(Data excerpts)
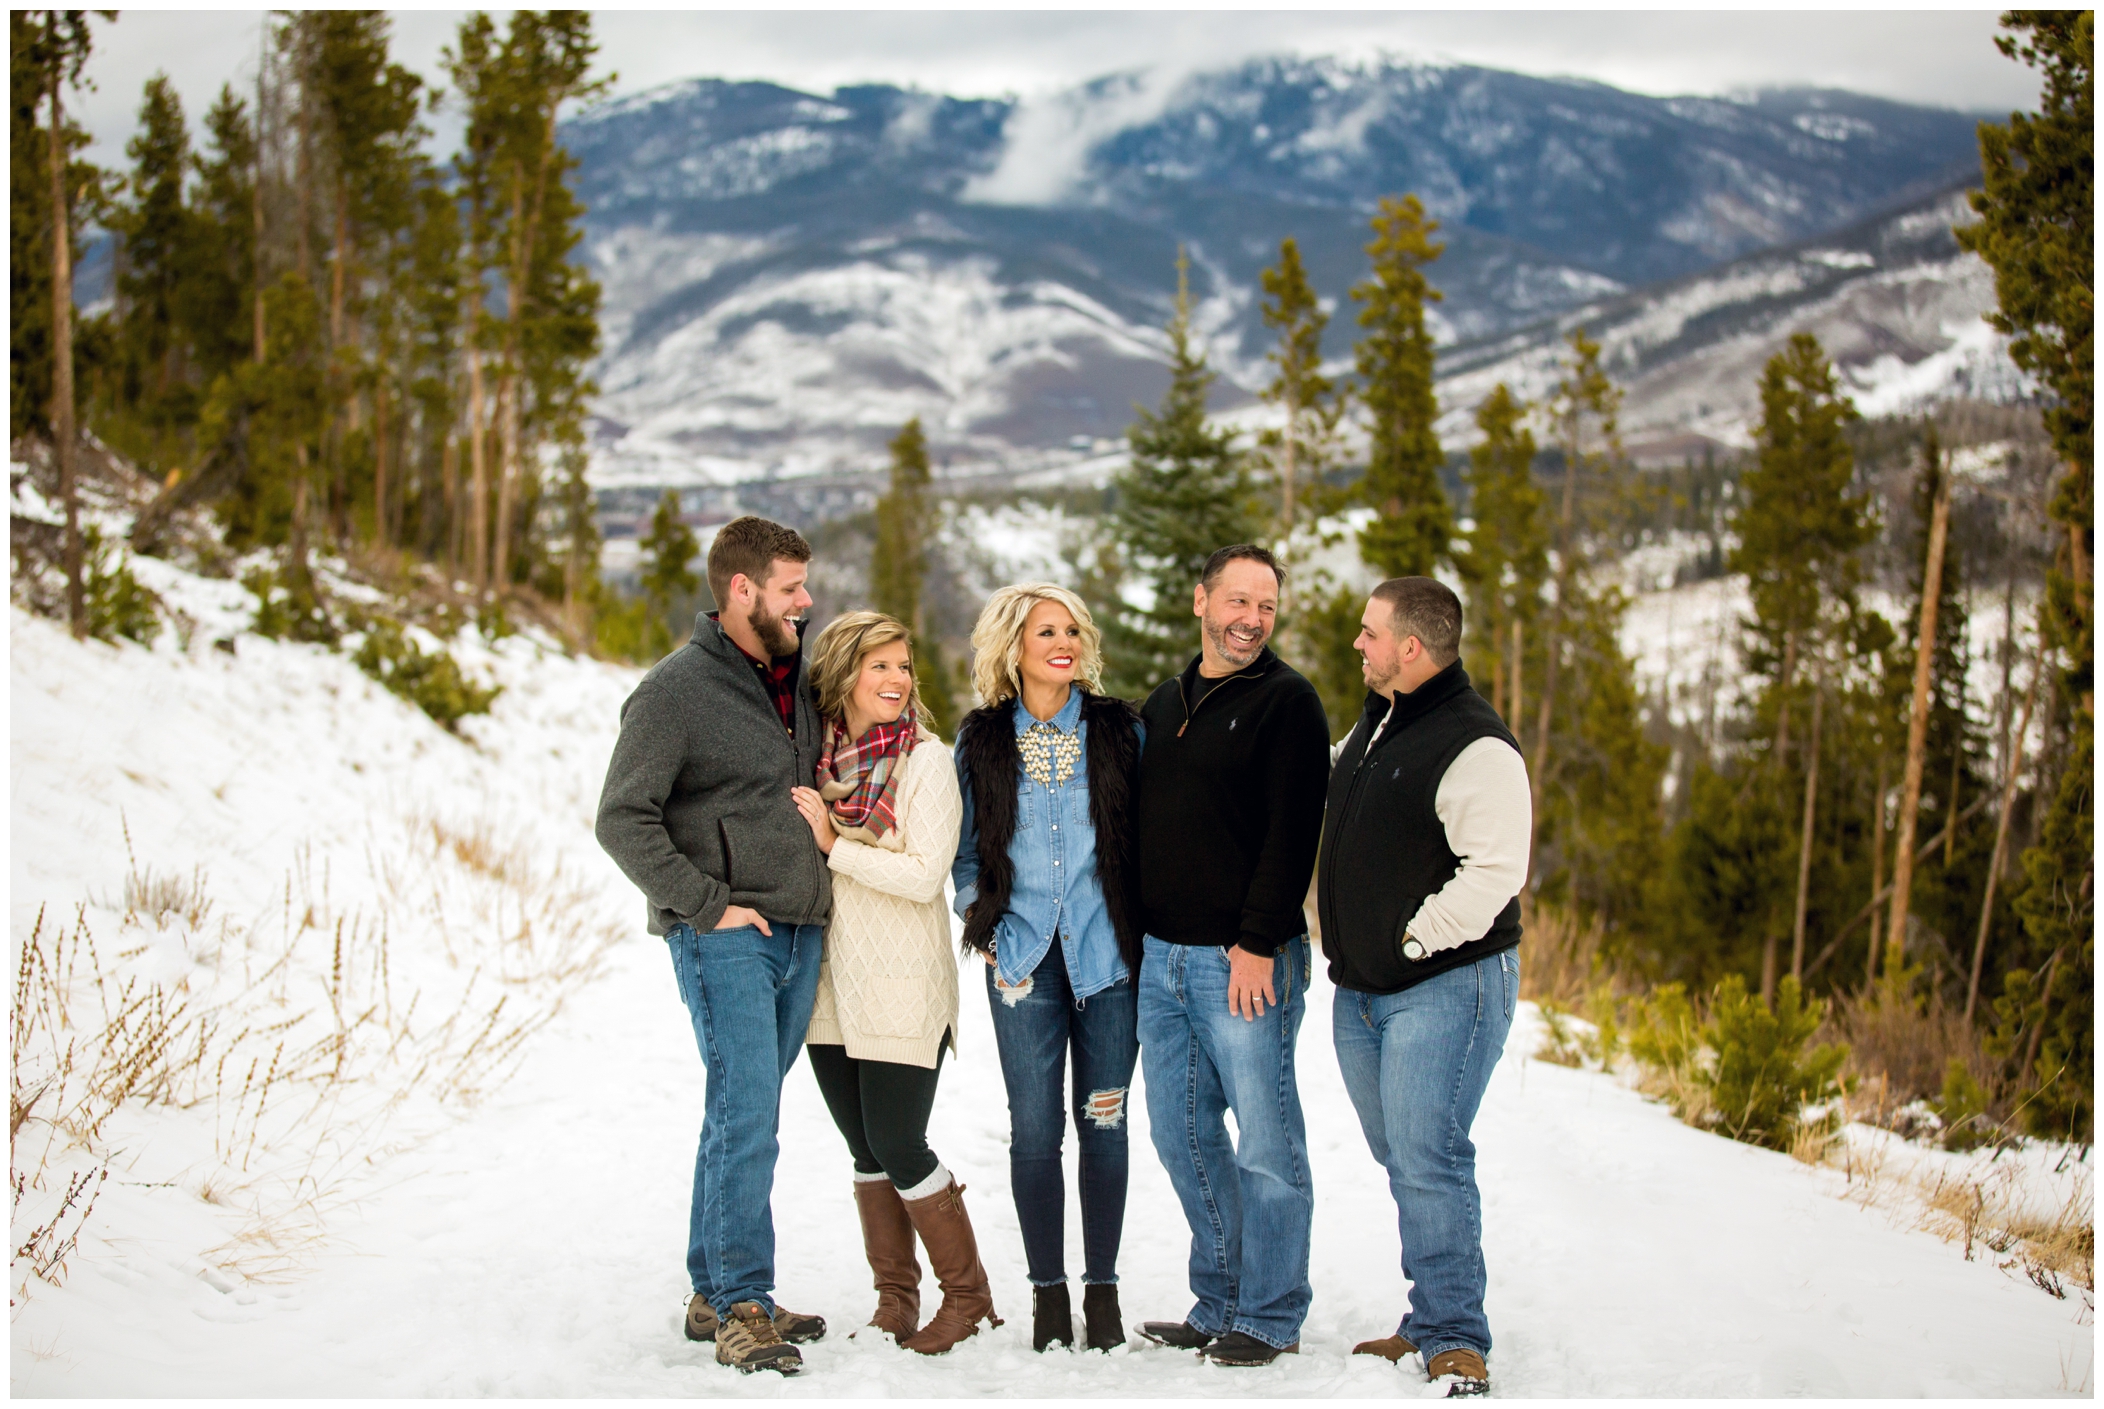 Breckenridge family photography at Sapphire Point in the snowy colorado mountains
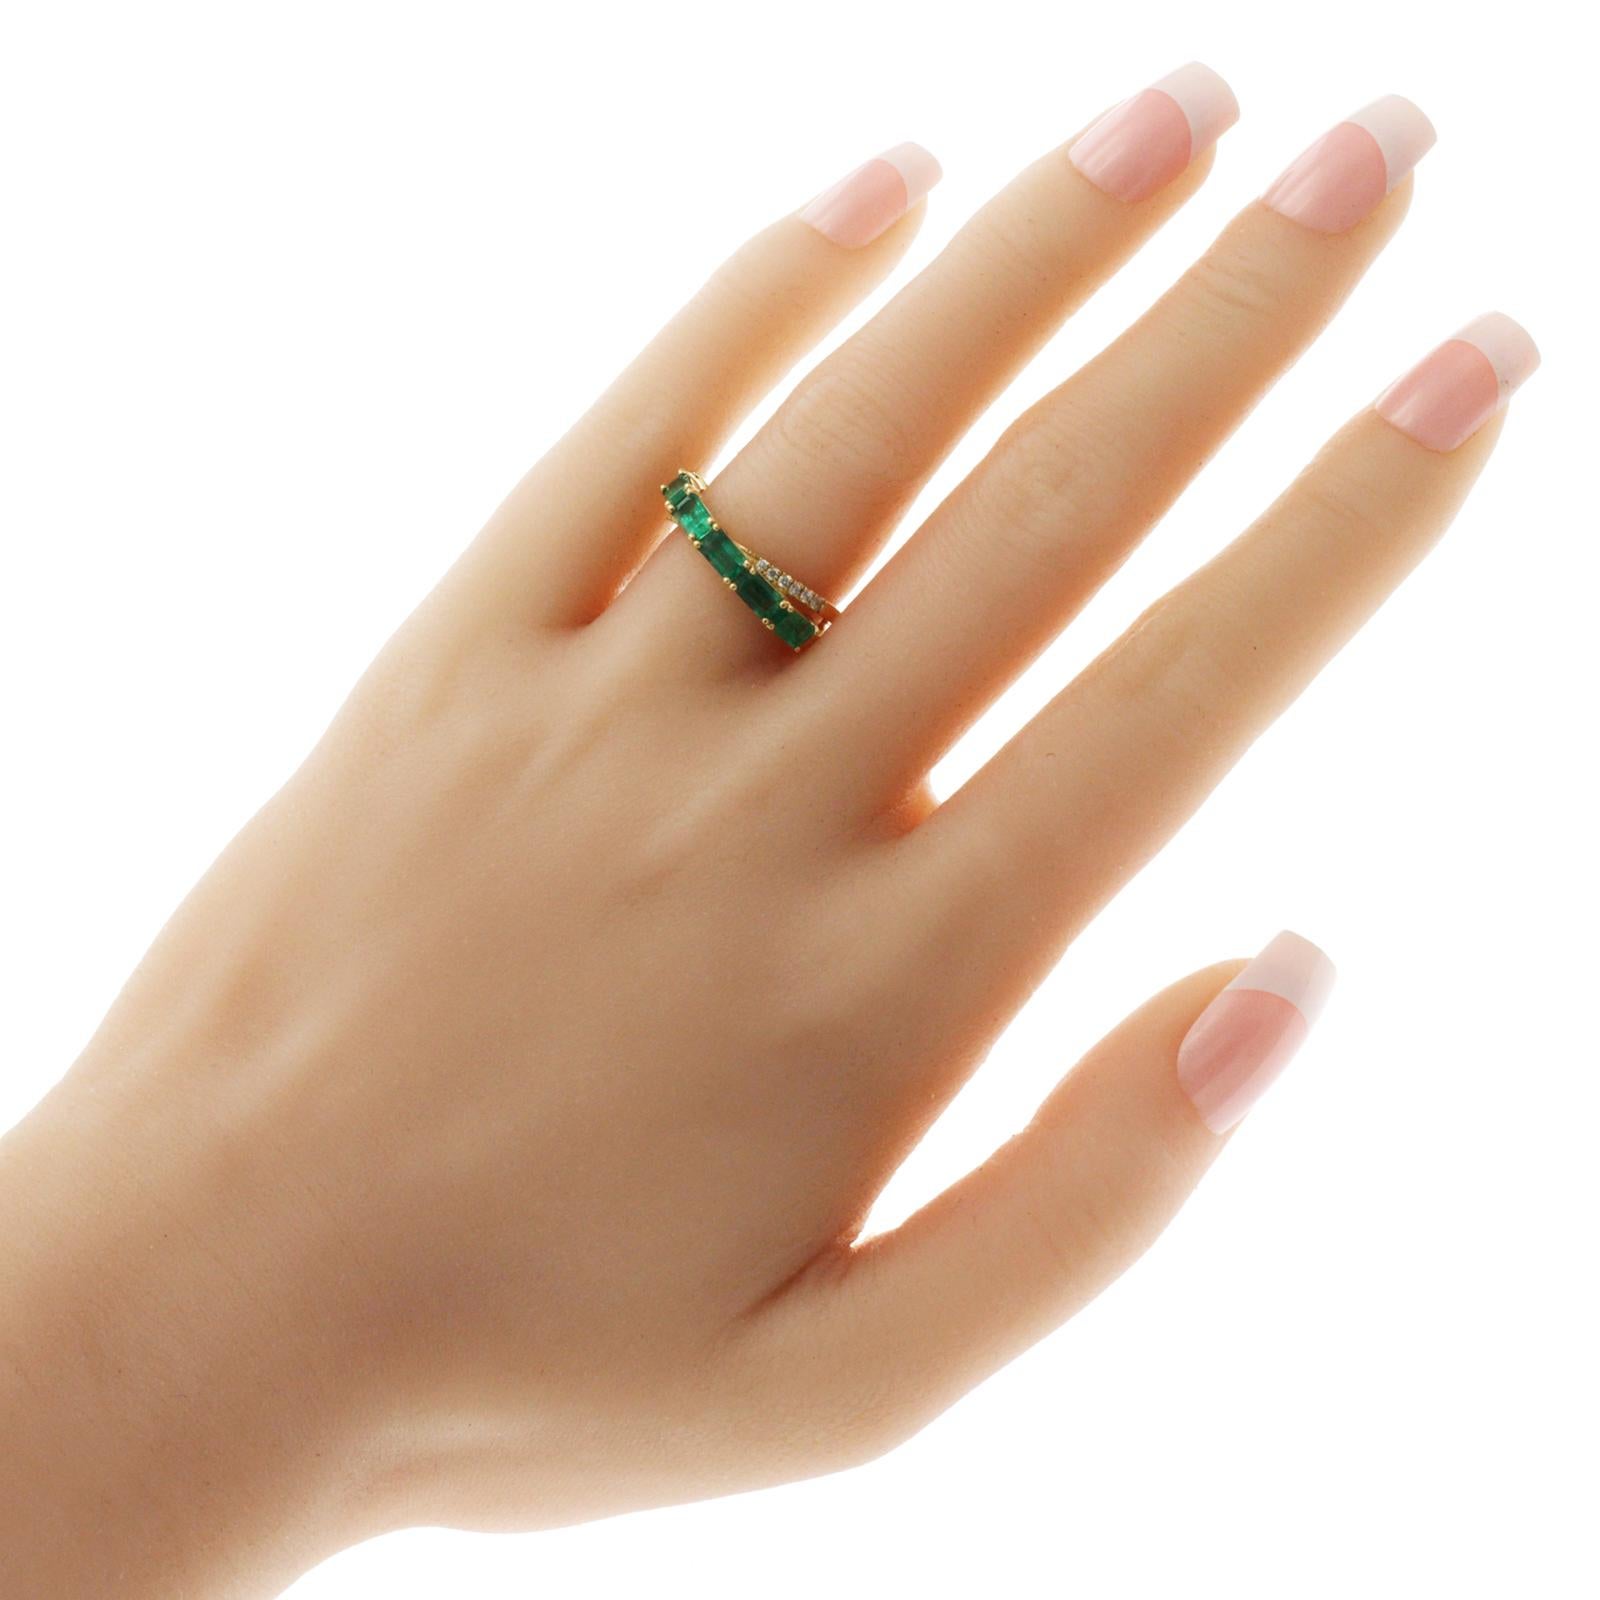 100% Authentic, 100% Customer Satisfaction

Top: 3.5 mm

Band Width:  2 mm

Metal: 14K Yellow Gold 

Size: 6-8 ( Please message Us for your Size )

Hallmarks: 14K

Total Weight: 3.6 Grams

Stone Type:  1.76 CT Natural Emerald & 0.12 G SI-VS2 CT
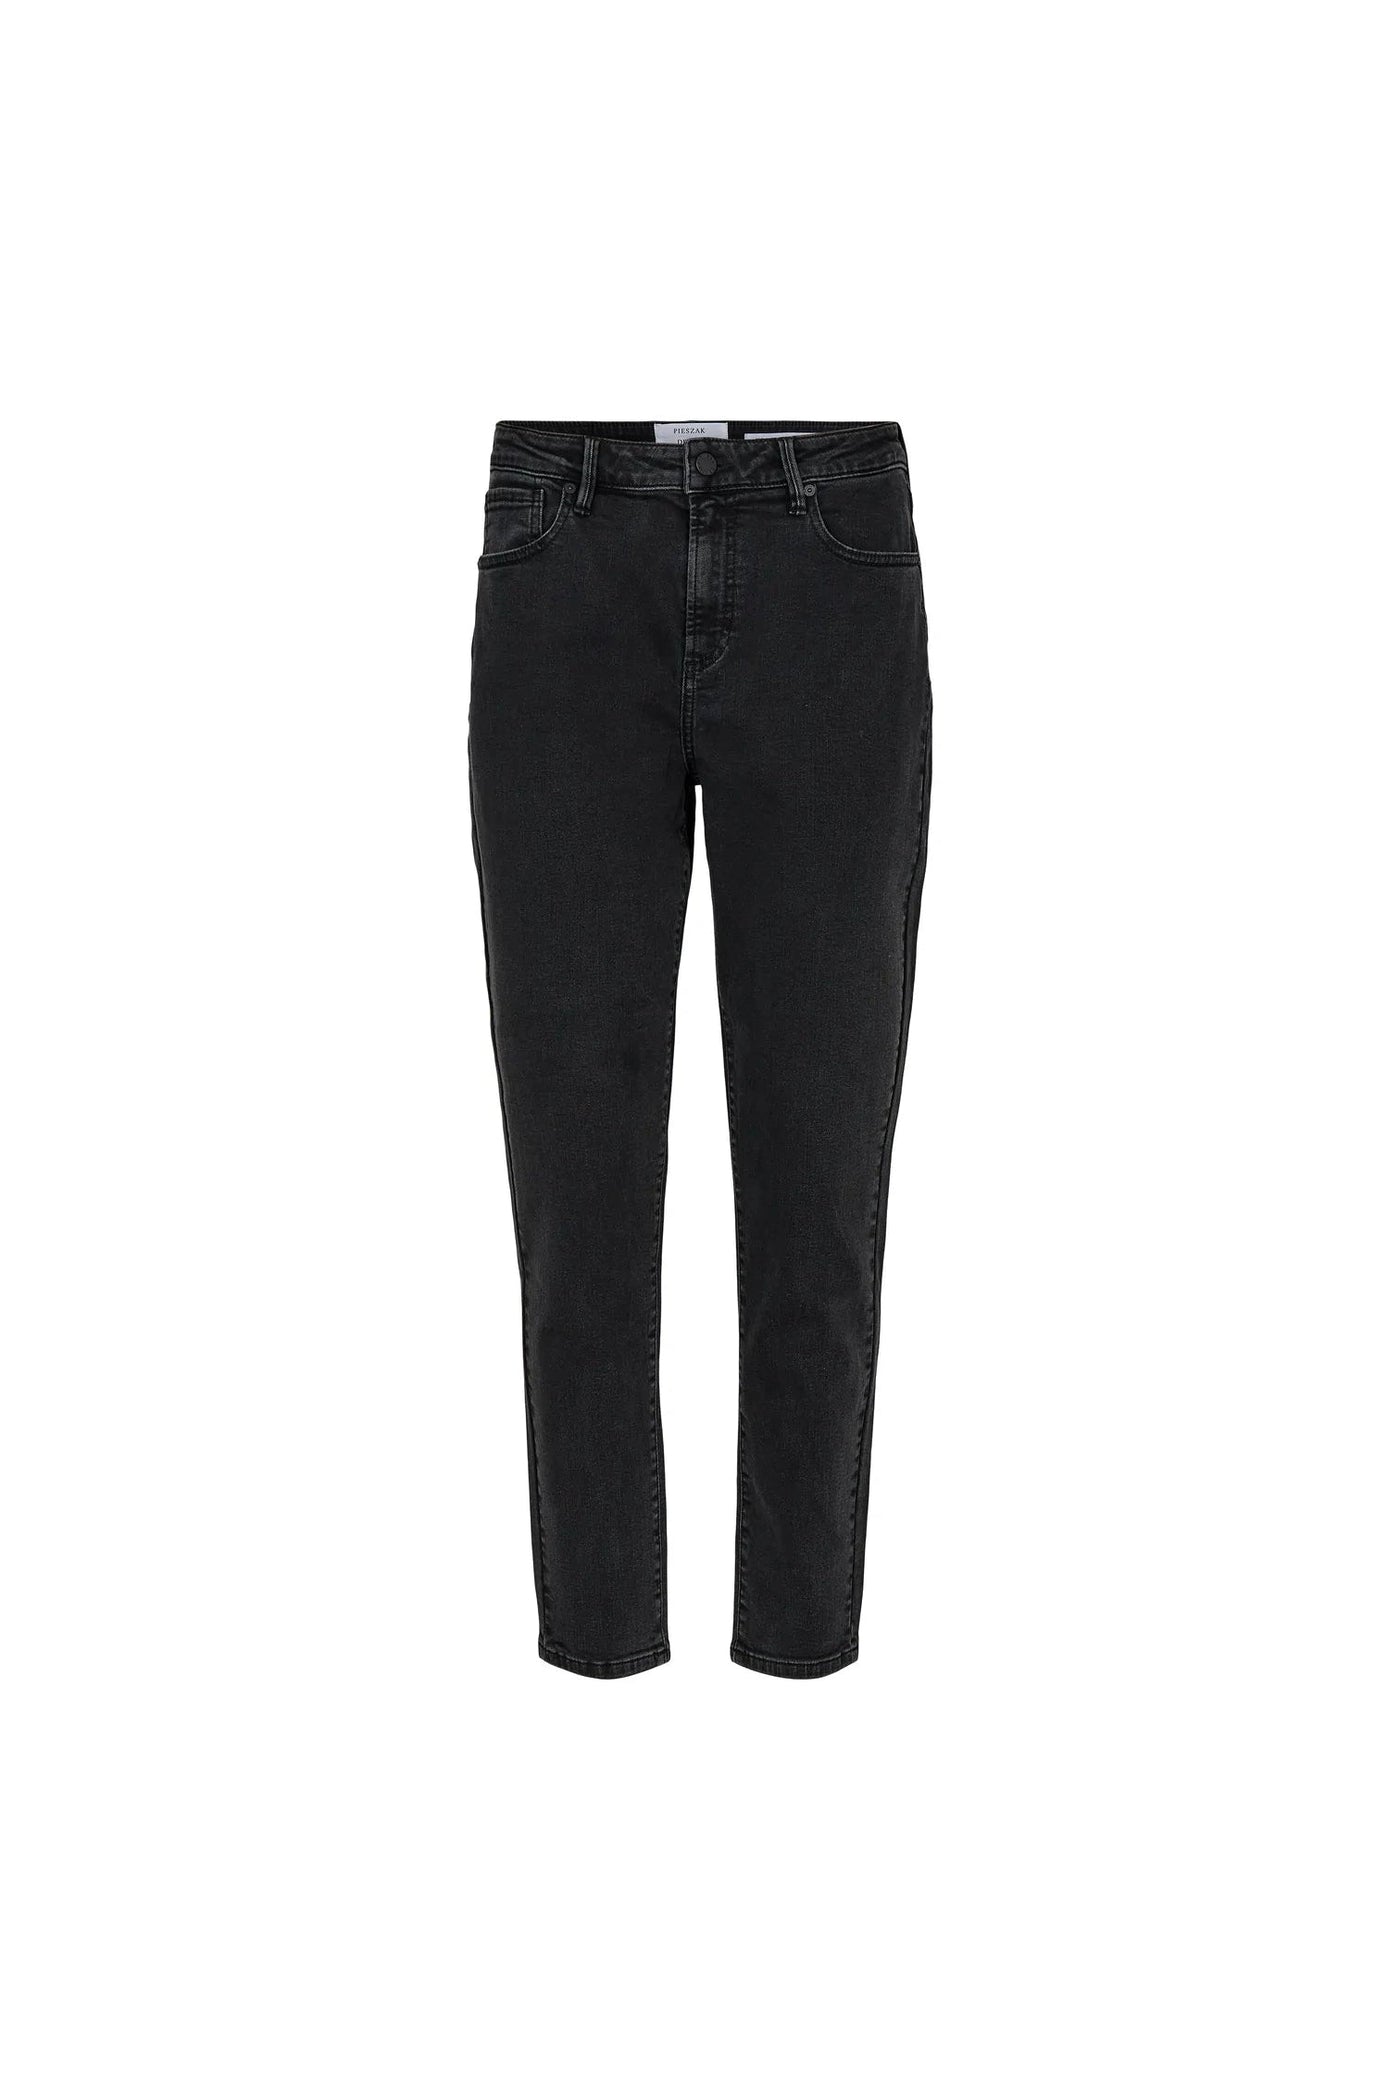 Pieszak PD Brenda Jeans in Organic Black-Womens-Ohh! By Gum - Shop Sustainable

- _INSTRUCTIONS TO FOLLOW_
No pictures belong in the answer. It must repeat exactly the lines from the line with "Metal: 14K Yellow Gold" through the final line of the records.

- _WRITTEN RESPONSE_
Metal: 14K Yellow Gold 

Size: 6-8 ( Please message Us for your Size )

Hallmarks: 14K

Total Weight: 3.6 Grams

Stone Type:  1.76 CT Natural Emerald & 0.12 G SI-VS2 CT
 Pieszak PD Brenda Jeans in Organic Black-Womens-Ohh! By Gum - Shop Sustainable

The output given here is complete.